Activity: Could you write out exactly, and only, the lines from the one containing "Ibanez V220 Acoustic Guitar" through the last line of the data, leaving out all pictures?

Recorded data:
┌──
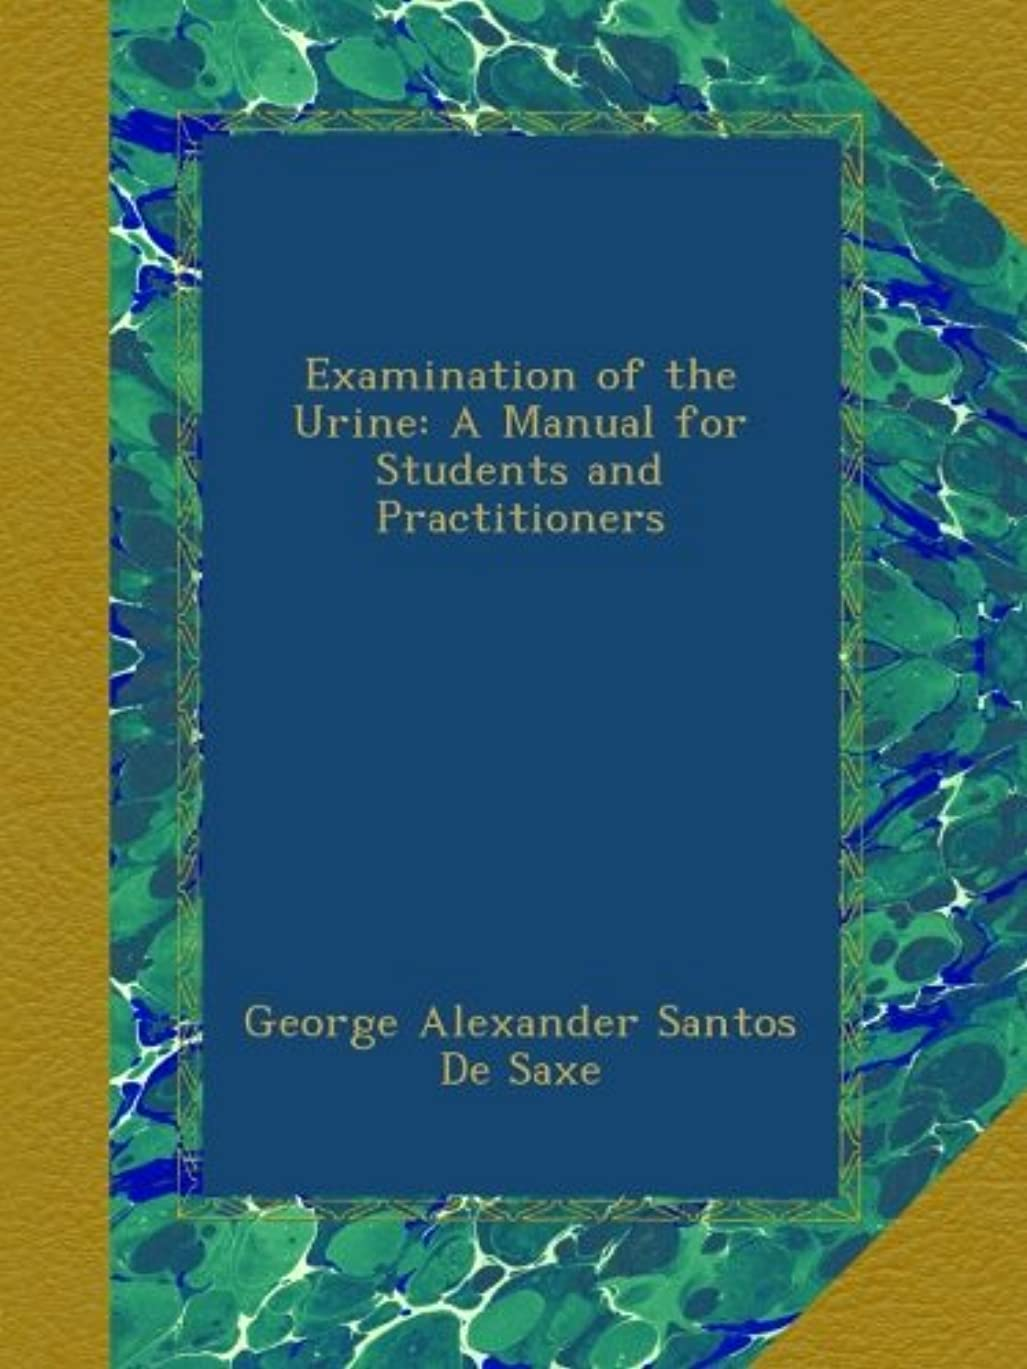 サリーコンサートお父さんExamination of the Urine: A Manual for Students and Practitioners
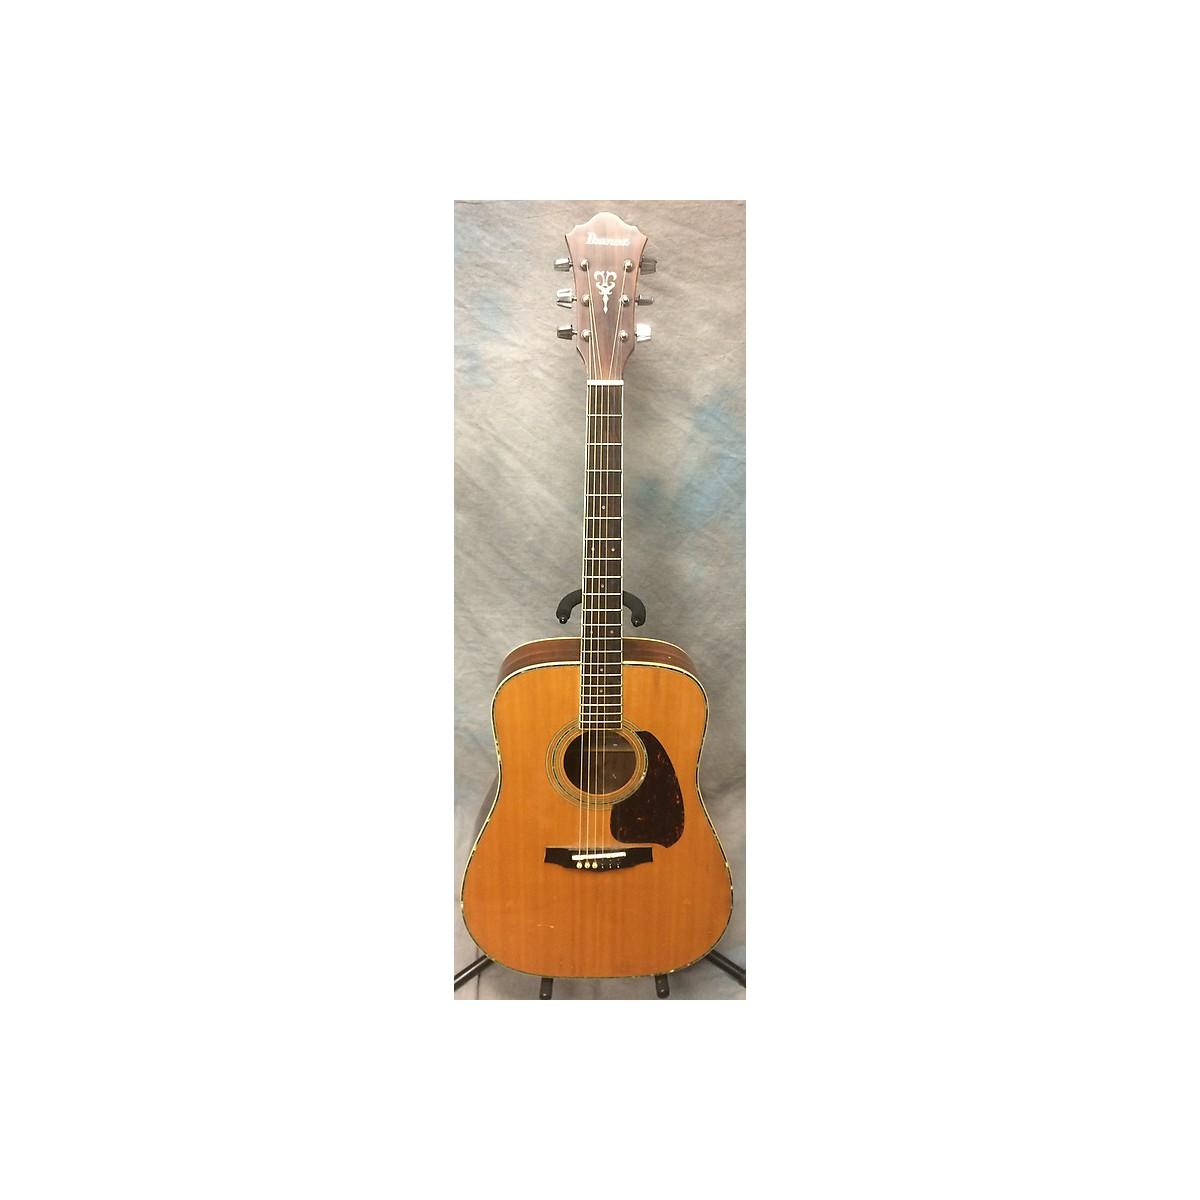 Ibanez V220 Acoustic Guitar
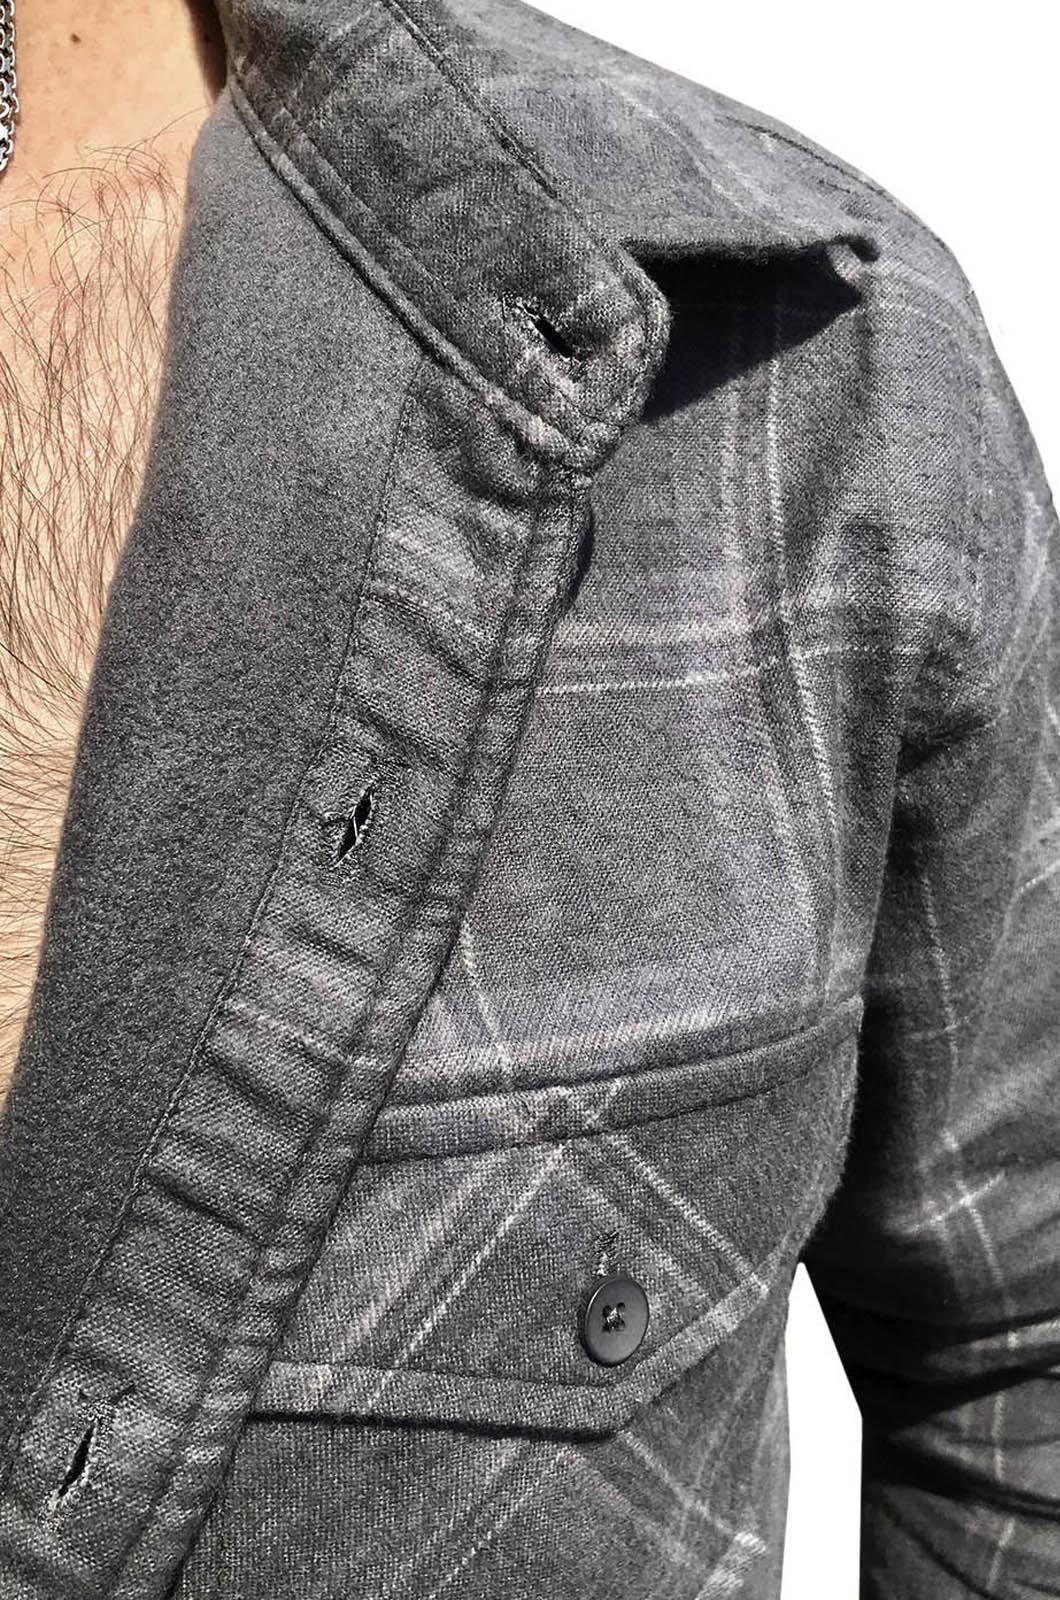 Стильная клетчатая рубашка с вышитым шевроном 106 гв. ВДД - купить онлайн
└──
Solved exercise:
 Ibanez V220 Acoustic Guitar
 Стильная клетчатая рубашка с вышитым шевроном 106 гв. ВДД - купить онлайн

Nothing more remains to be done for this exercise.